CompTIA Security+ Training Kit: Vulnerability Assessment and Management

  • 9/15/2013

Vulnerability scanning

Vulnerability scans serve several purposes for organizations. Not only do they help organizations identify vulnerabilities, they also help point out when security controls have not been properly put in place, or when an attacker or misconfiguration has disabled them. They also help organizations find common misconfigurations such as default usernames and passwords, default directories and scripts that can be dangerous, and a host of other, similar issues.

Organizations typically conduct vulnerability scanning one of two ways: by using internal tools to passively scan for vulnerabilities by checking version numbers and configurations, and by active scanning using a vulnerability scanning tool. We’ve already discussed security baselines, which can provide passive identification, , so this chapter takes a look at active vulnerability scanning tools.
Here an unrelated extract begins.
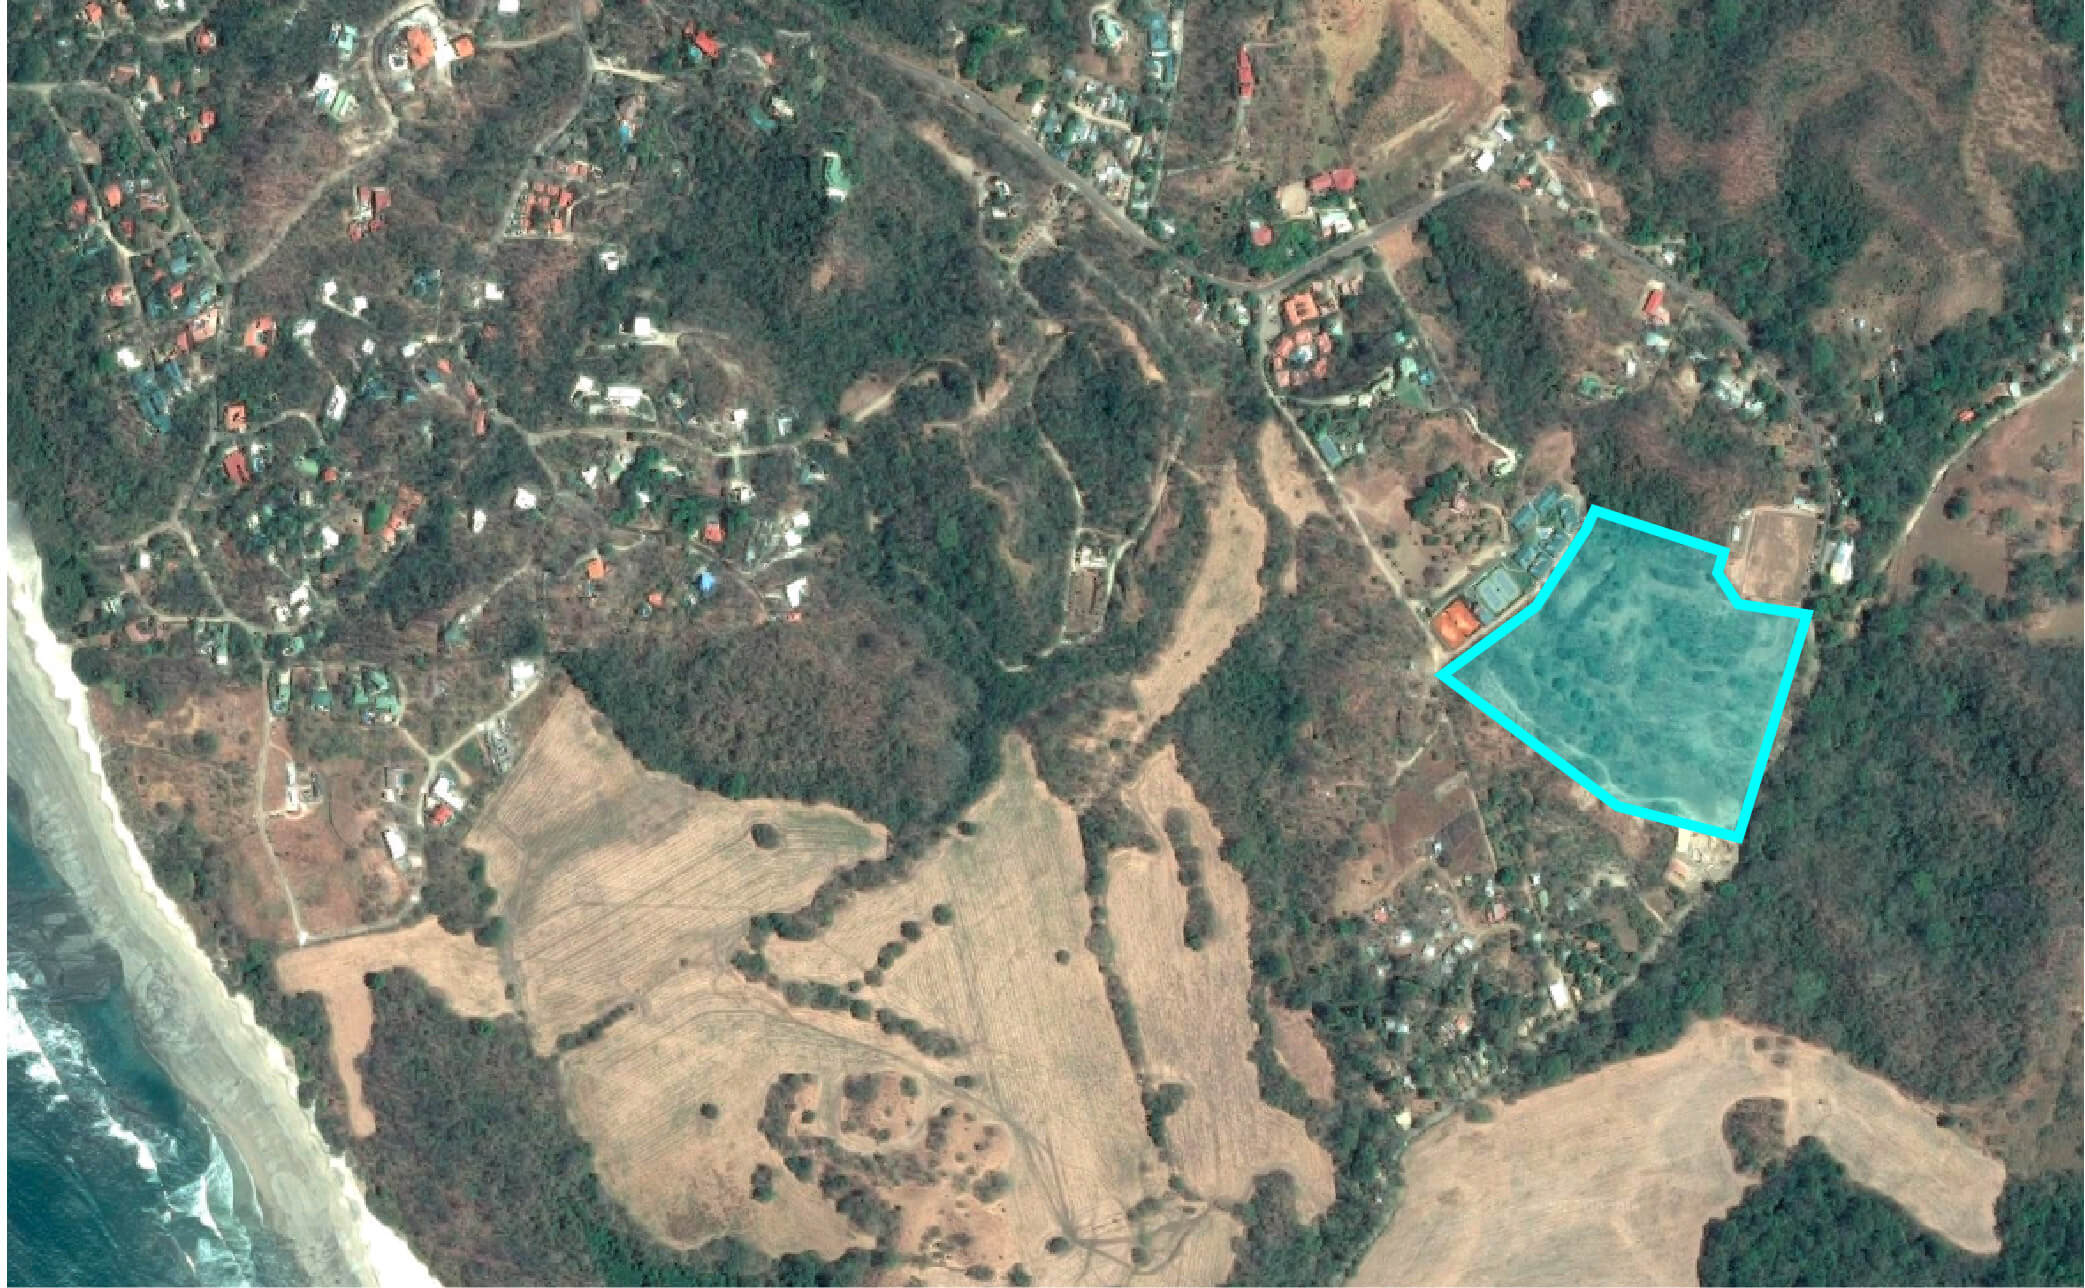 Aerial-Finca-Espanca-1-01.jpg

Vulnerability scanning tools

A key part of assessing vulnerabilities is scanning for them. This is done by using a variety of tools, including packet sniffers, port scanners, vulnerability scanners, and specialized tools such as web application vulnerability scanners. Each of these tools has a role to play in a vulnerability assessment, and they are often used together or in sequence to help provide a faster, more accurate result.

We will examine each of these tools in the order in which they are frequently used to scan systems and networks. The process typically starts with a sniffer and a port scanner, which are used to look for hosts that provide services on the network. From there, vulnerability scanners are used to find vulnerable services and systems. Finally, if you discover web applications, you might want to use a web application vulnerability scanner’s specialized abilities to test it.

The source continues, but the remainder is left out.